После английского я бросилась прочь из школы, не обращая внимания на Сюзи и Лотту, которые сперва припустили за мной, надеясь выведать пикантные подробности моей жизни.

— Ты уезжаешь с тем парнем?

— А может, вы снова будете варить суп в ванне? Тогда можешь рассчитывать на нашу помощь!

— Нет, ничего мы не будем варить, — огрызнулась я. — И вообще, дело не в Ругере!

— Ну пожалуйста, расскажи! Вы встречаетесь? Или вы просто друзья?

Я ответила, что мне нужно спешить и что меня, скорее всего, не будет несколько дней. А уж что они там подумали, меня не волновало.
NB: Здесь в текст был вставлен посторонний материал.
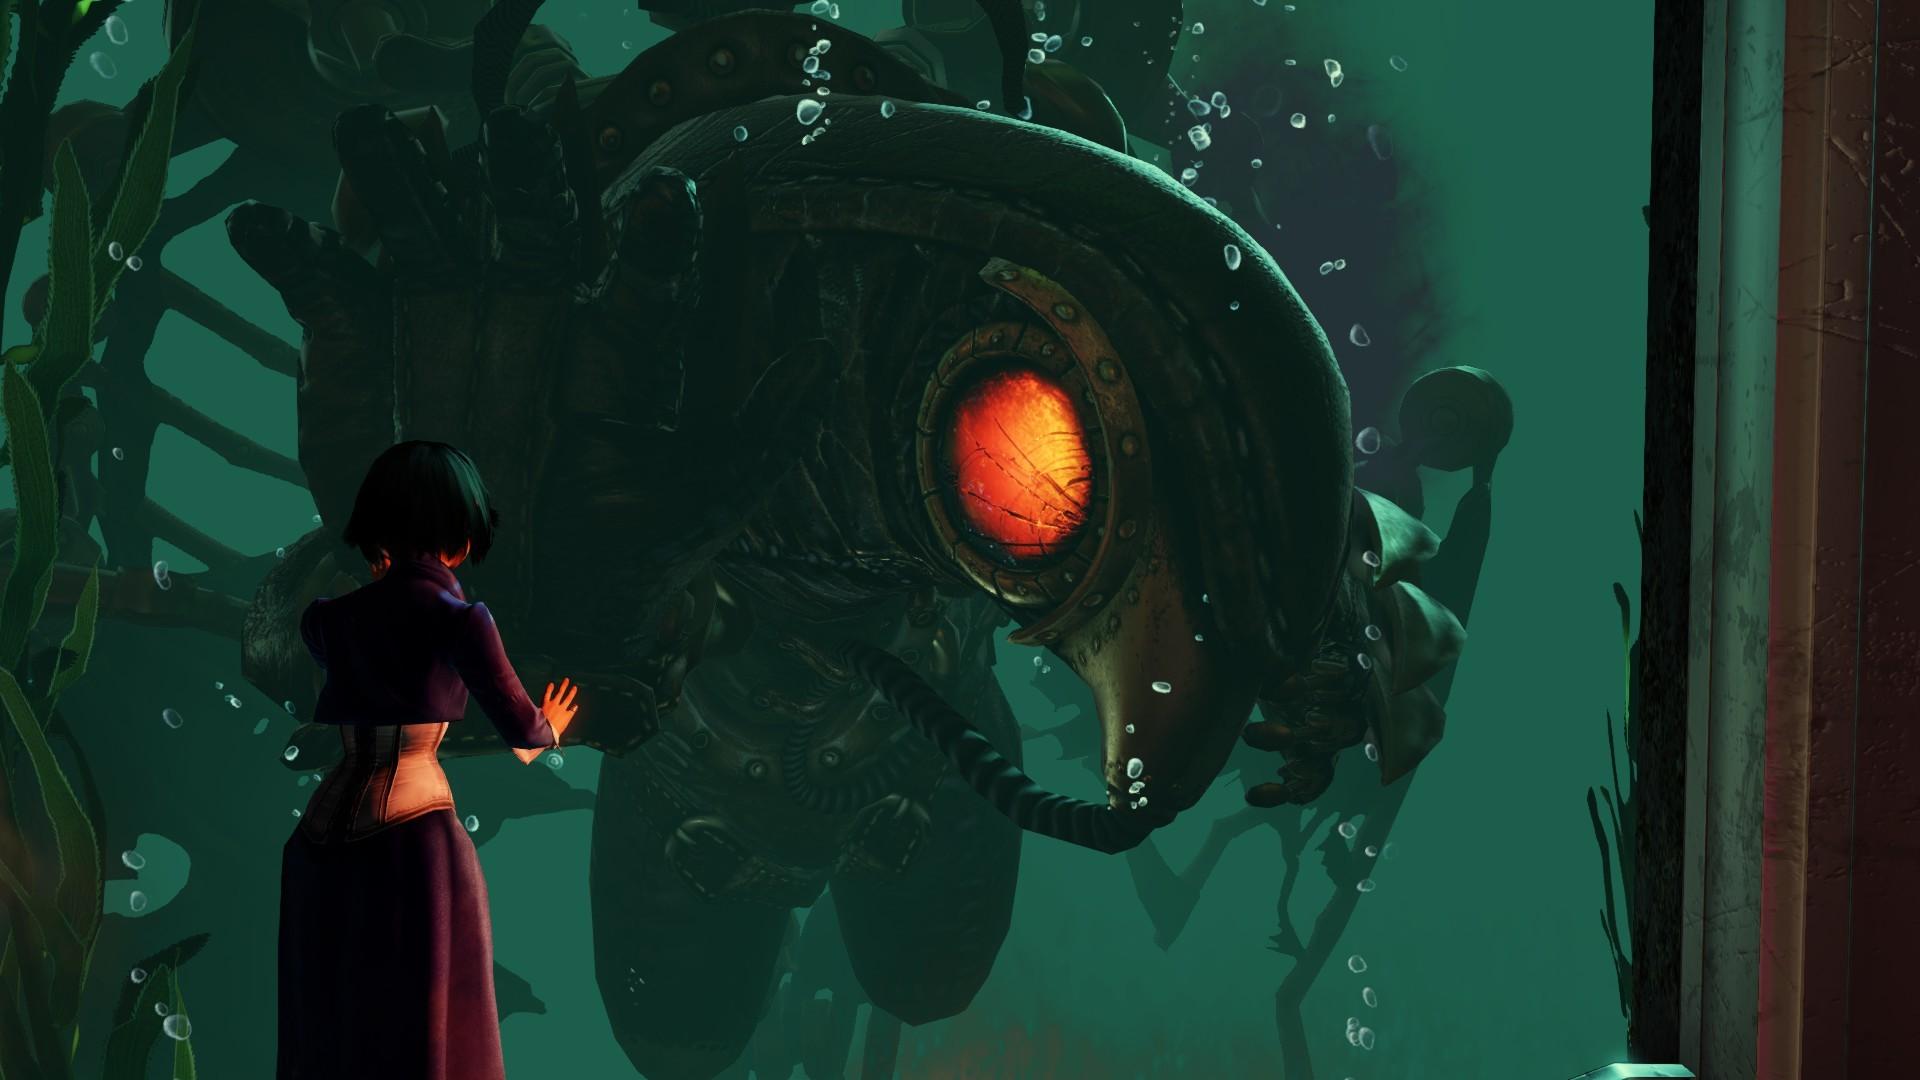 BioShock Infinite Songbird, bioshock infinite songbird wallpaper .

Дома я разыскала свою банковскую карточку, на которую мама переводила мое ученическое пособие, и оставила на столе записку: мама имеет право быть в курсе.

Когда я ворвалась в палату, Лу лежала на кровати и вполглаза смотрела телевизор.

— Осторожно, ковер! — крикнула она. — Сними ботинки!

— Нет времени! Поехали! Вставай — бери зубную щетку и надевай ботинки!

Она, конечно, не разгадала моего плана, но сделала все, как я сказала.

Я удивилась и обрадовалась: кажется, Лу поняла, что на этот раз пререкаться некогда.

В автобус, идущий в аэропорт, мы сели, когда часы показывали уже четверть четвертого. Я не знала расписания авиарейсов, но надеялась, что самолеты на Люлео еще будут.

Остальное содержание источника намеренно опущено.